DATA SEGMENT:
------------------------------
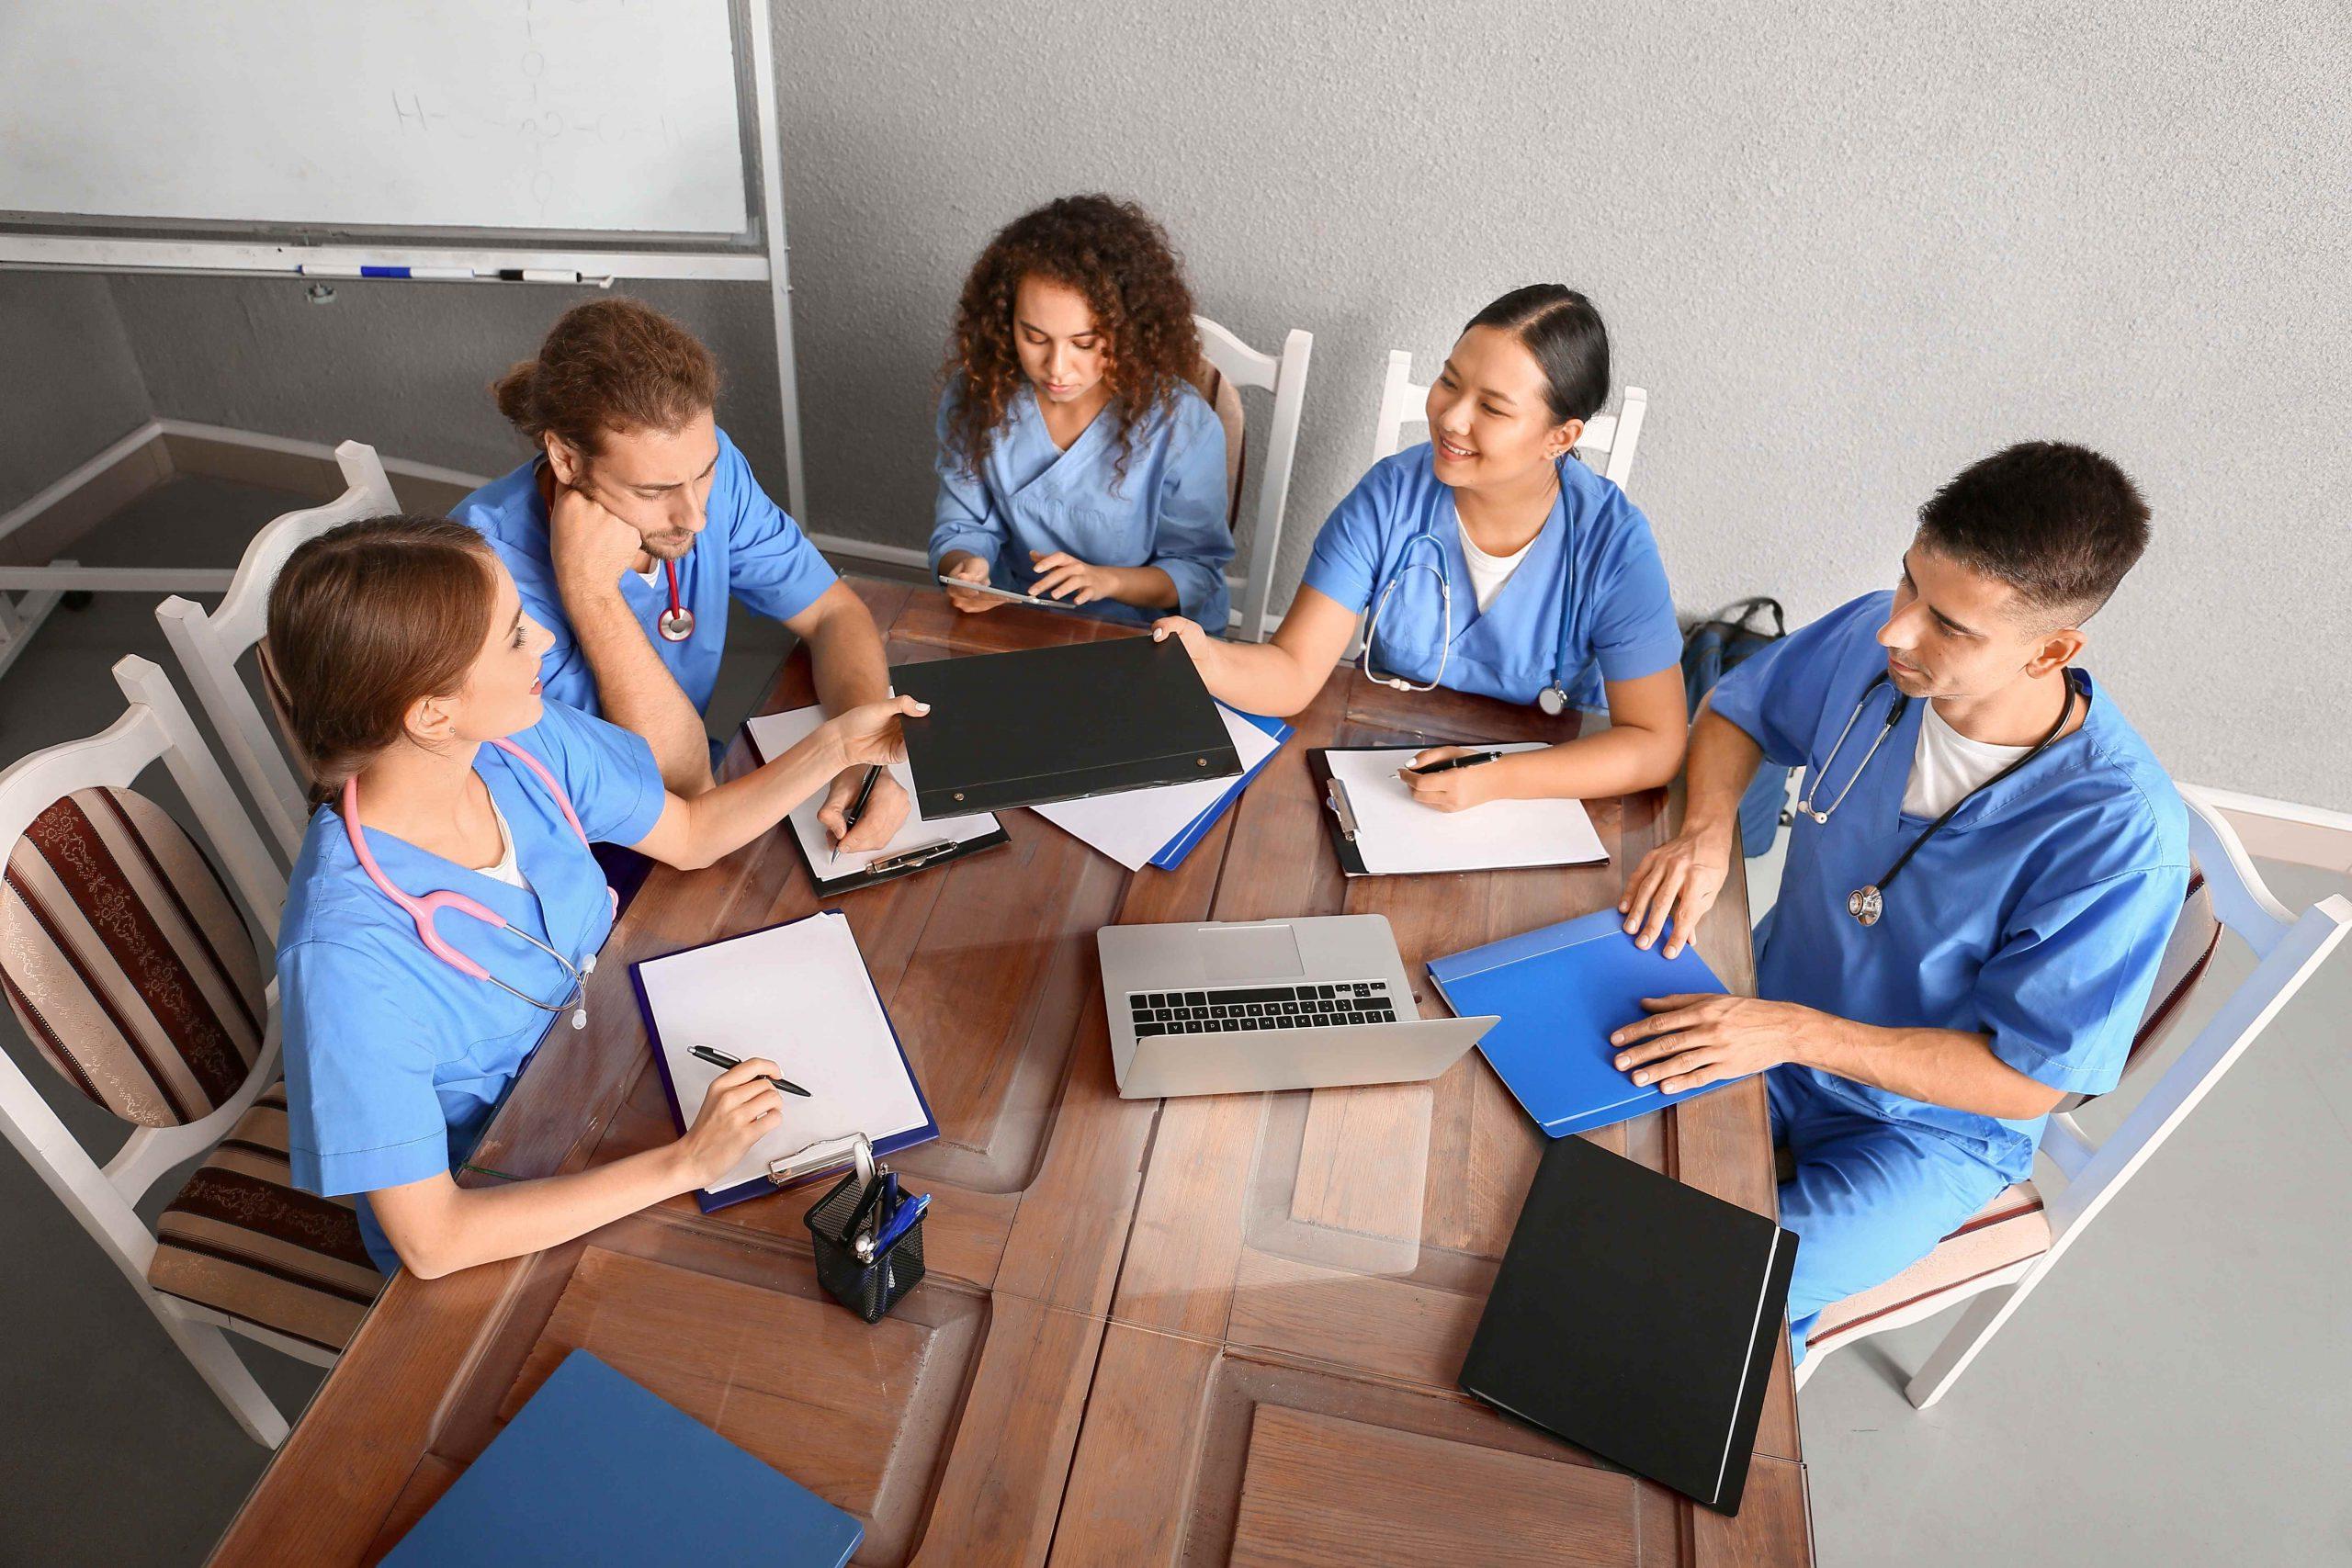 国际 Program at Beckfield College. F1签证计划. A group of nursing students are gathered at a table studying
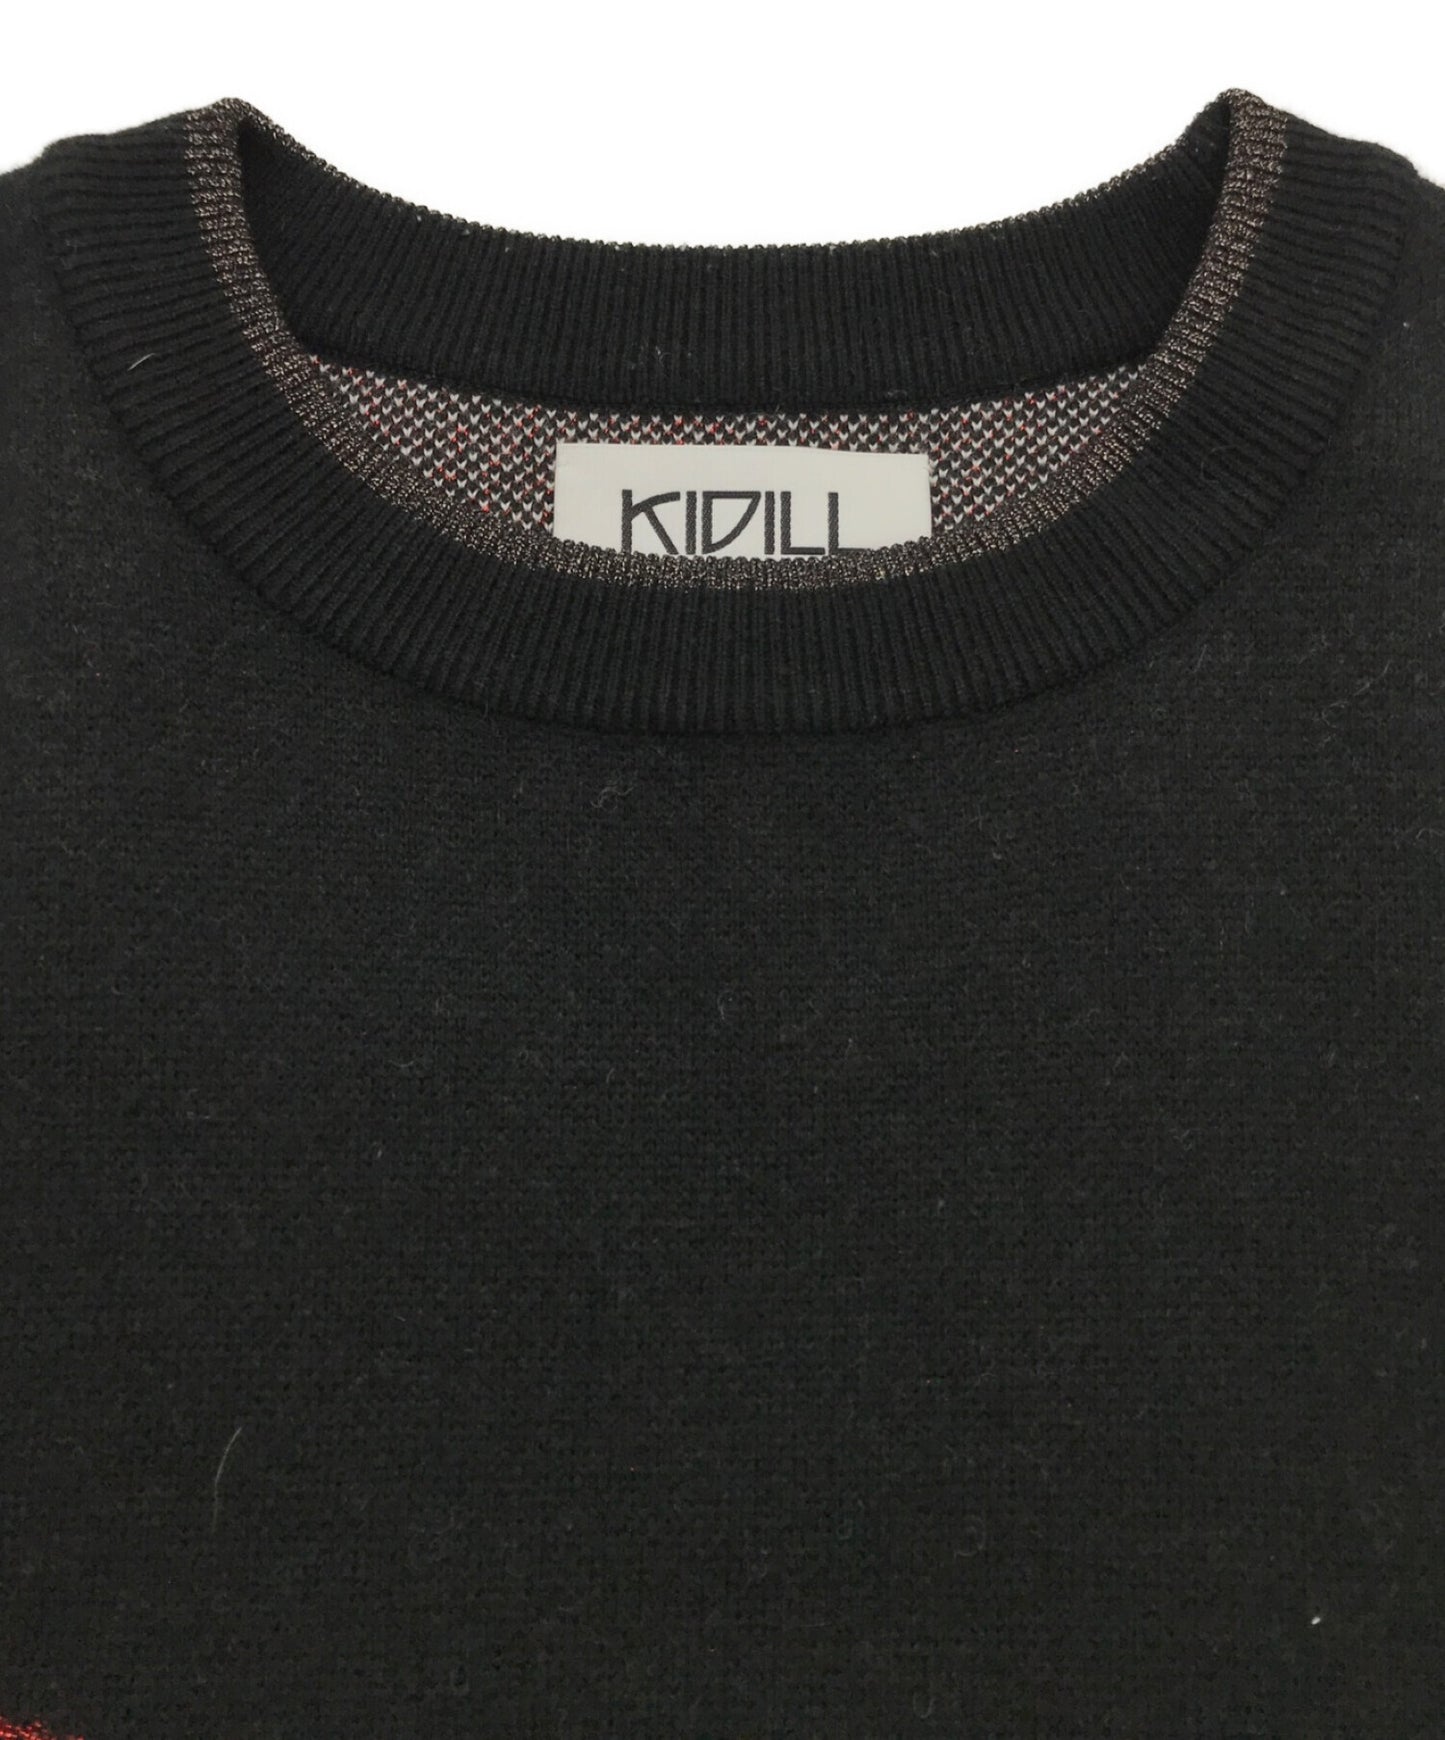 Kidill × Rurumu 드라이버 니트 KL554
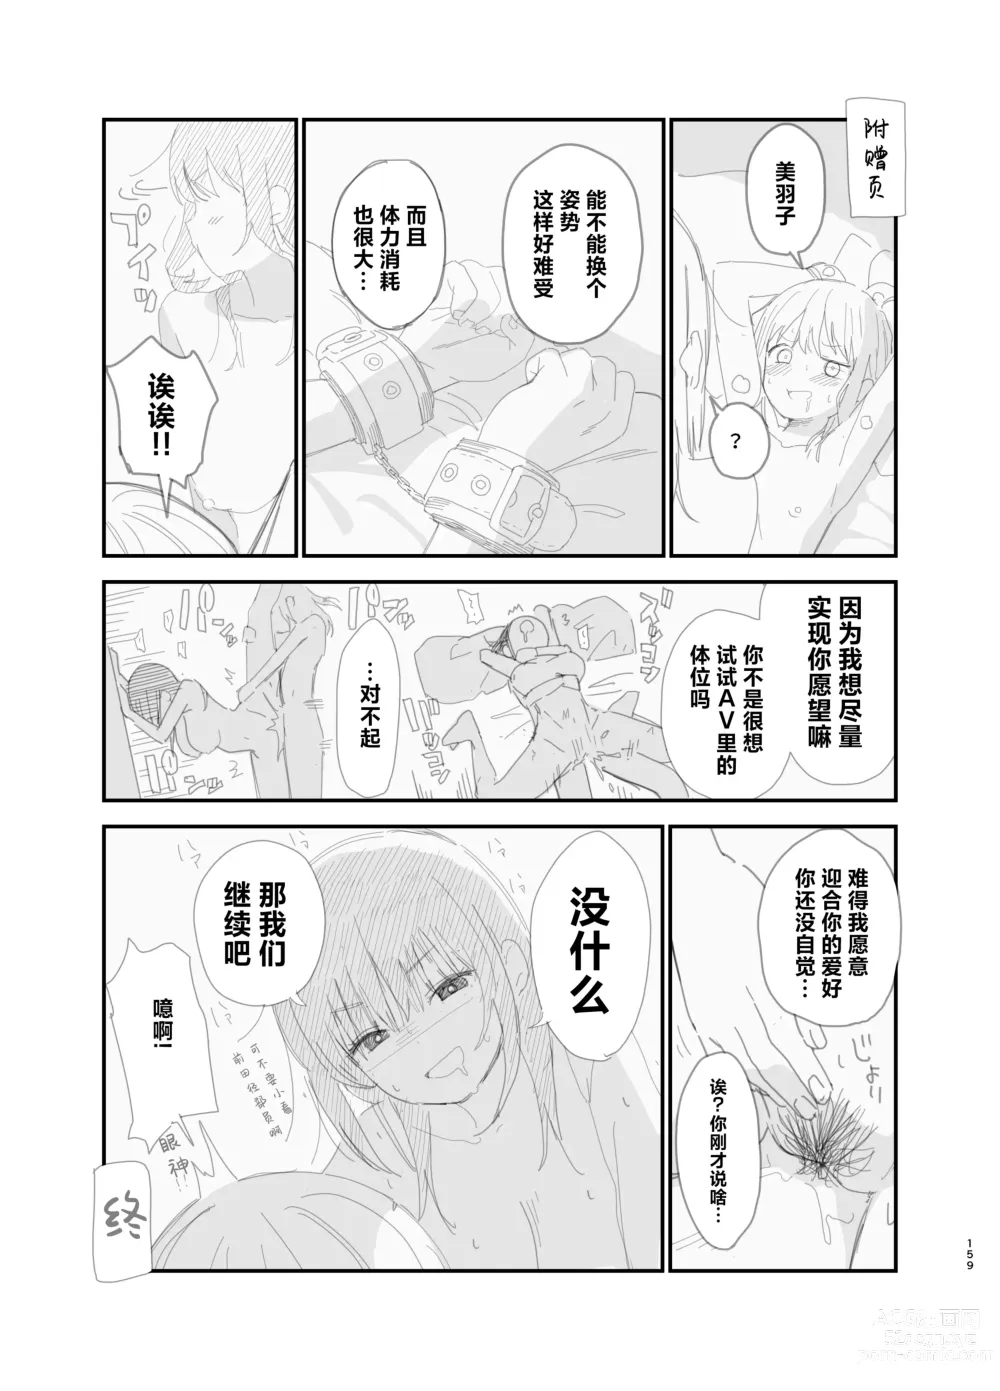 Page 158 of doujinshi Soushi Souai.
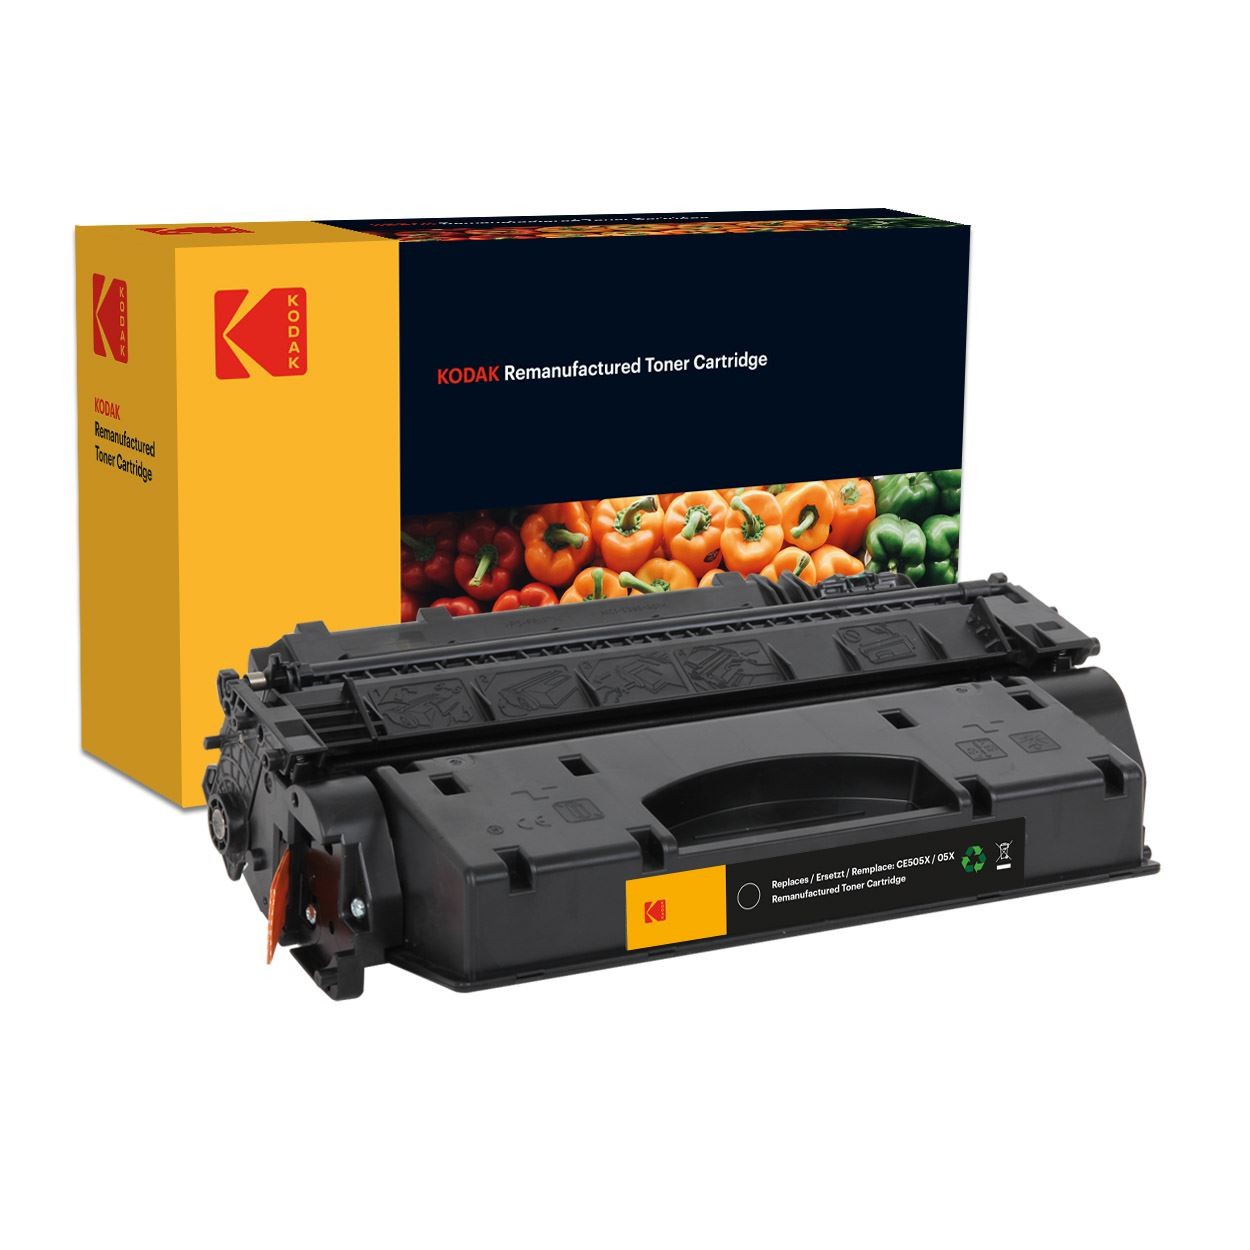 KODAK+Replacement+Toner+Cartridge+for+use+in+HP+LaserJet+P2050%2F+P2055d%2F+P2055dn%2F+P2055x+05X+%2F+CE505X+%2F+Mono+6500+pages
------------------------------
Output exactly the lines from the one that has "Page 158 of doujinshi Soushi Souai." through the end of the data. Do not include pictures.

 Page 158 of doujinshi Soushi Souai.
 KODAK+Replacement+Toner+Cartridge+for+use+in+HP+LaserJet+P2050%2F+P2055d%2F+P2055dn%2F+P2055x+05X+%2F+CE505X+%2F+Mono+6500+pages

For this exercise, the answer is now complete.